Un petit espace pour de grands changements

Lorsque l’équipe s’agrandit, on est facilement tenté de pousser les murs. Mais augmenter la surface de ses locaux pour y créer de nouveaux bureaux n’est pas forcément une solution durable, en particulier dans un contexte où le télétravail devient petit à petit la norme. Parfois, il y a beaucoup à gagner en apprenant à faire avec ce que l’on a, comme nous l’a démontré Emmanuel Sylvestre, Directeur du Centre de soutien à l’enseignement (CSE) de l’Université de Lausanne.
 
Un espace morcelé

A l’origine du projet, une fusion. L’arrivée dans l’équipe de collaborateur·trices travaillant dans le numérique pose un problème de place : « nous étions dans un espace qui était très clos, avec un grand couloir qui prenait un quart de l’espace à disposition, et des bureaux fermés, ce qui limitait le nombre de personnes [que nous pouvions accueillir] ». Paradoxalement, le Directeur constate que les bureaux sont sous-utilisés, entre les collaborateur·trices en séances, en télétravail ou à temps partiel. Même constat pour son propre bureau : « De mon côté je fais aussi beaucoup de déplacements professionnels en Suisse ou à l’international, j’avais donc un bureau qui était vide une grande partie du temps ». Une grande salle de formation, pouvant accueillir une vingtaine de personnes, venait compléter ces locaux déjà bien morcelés. Peu conviviale pour les séances en petit groupe, celle-ci était boudée par l’équipe.

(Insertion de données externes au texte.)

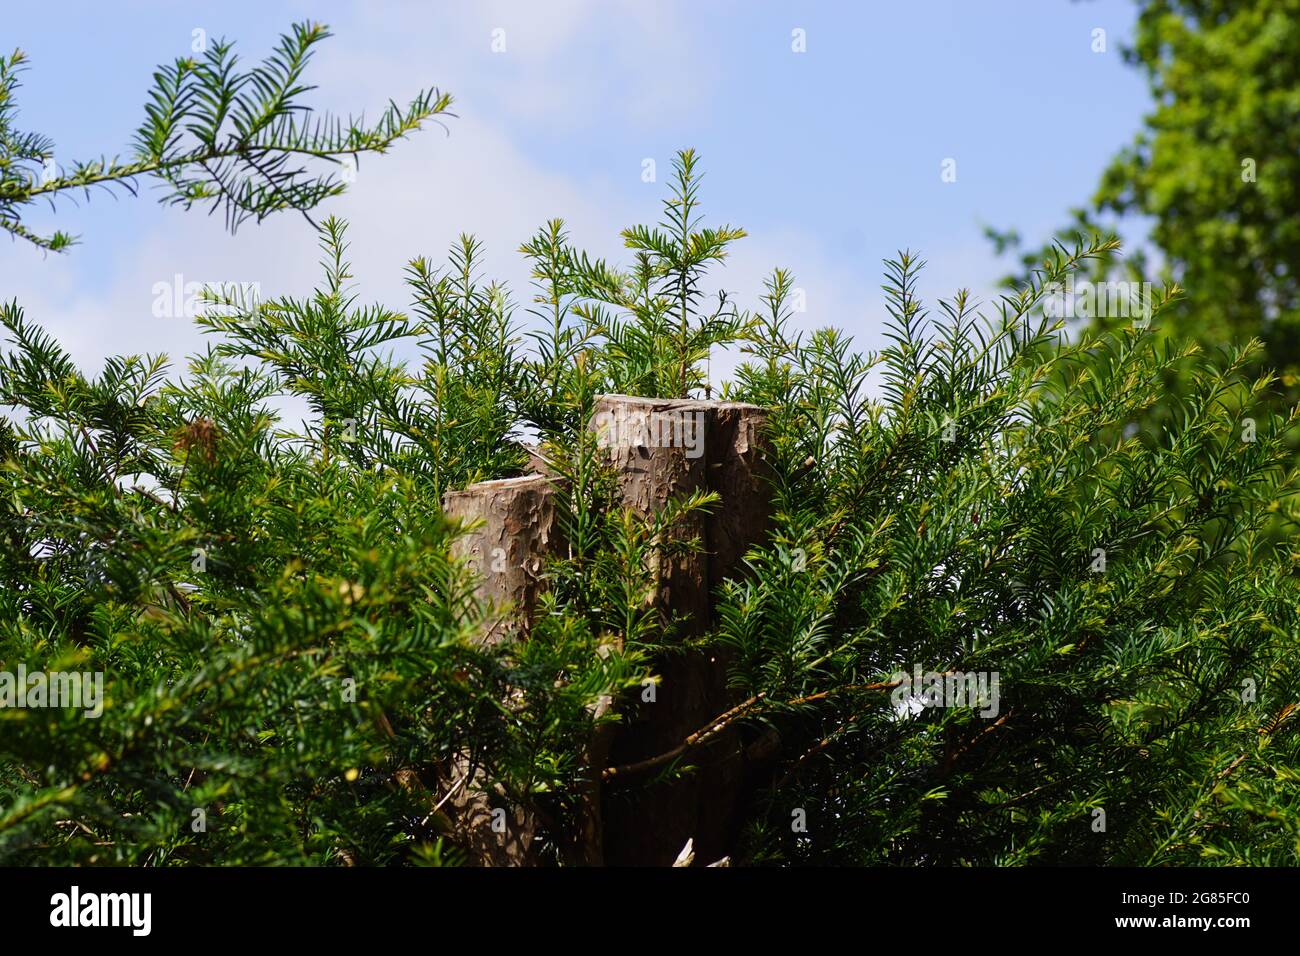 Sommet d'une haie à grand if (Taxus baccata) avec un tronc raccourci dans un jardin hollandais. Été, juillet. Banque D'Images

Rationaliser plutôt que s’étendre

Il devient alors évident qu’une optimisation est possible. Celle-ci sera drastique : toutes les parois du CSE sont détruites pour laisser place à un grand co-working, comptant 18 places pour une trentaine de collaborateur·trices en tout. Et de nouvelles personnes pourraient encore être accueillies, car l’espace est flexible. Le tout a gagné en convivialité grâce à un coin lounge et une petite cafétéria. Pour s’isoler, l’équipe profite de deux petites salles de réunion. « Le fait d’être tou·te·s dans le même espace favorise la collaboration » relève Emmanuel Sylvestre, qui constate que l’entraide est devenue très fluide depuis la disparition des parois.

Une équipe bien préparée

De grands changements, qui ne faisaient pas peur à la Direction. Le « nomadisme » était déjà la règle avant car les gens bougent beaucoup et ne repassent pas forcément au bureau entre deux séances. Il faut dire que le campus de l’UNIL offre de multiples possibilités pour travailler au calme. L’équipe était donc bien préparée et disposait déjà du matériel nécessaire. Les téléphones fixes ont également été bannis, au profit de Skype entreprise, avec des lignes déviées sur les portables personnels et les ordinateurs.

Des valeurs partagées

Avec cette transformation, M. Sylvestre a senti la nécessité de rassembler son équipe autour de valeurs fortes, qui sont celles du service. Création, proactivité, entraide ou encore engagement sont tant de buts communs qui permettent de garder une excellente cohésion au sein de l’équipe, quand bien même les professions sont très variées. Vient s’ajouter à cela l’esprit d’ouverture, largement promu à l’interne. Au final, comme le relève le Directeur, « il y a une cohérence entre l’espace qui est proposé et l’image de notre service avec les valeurs qu’on prône ».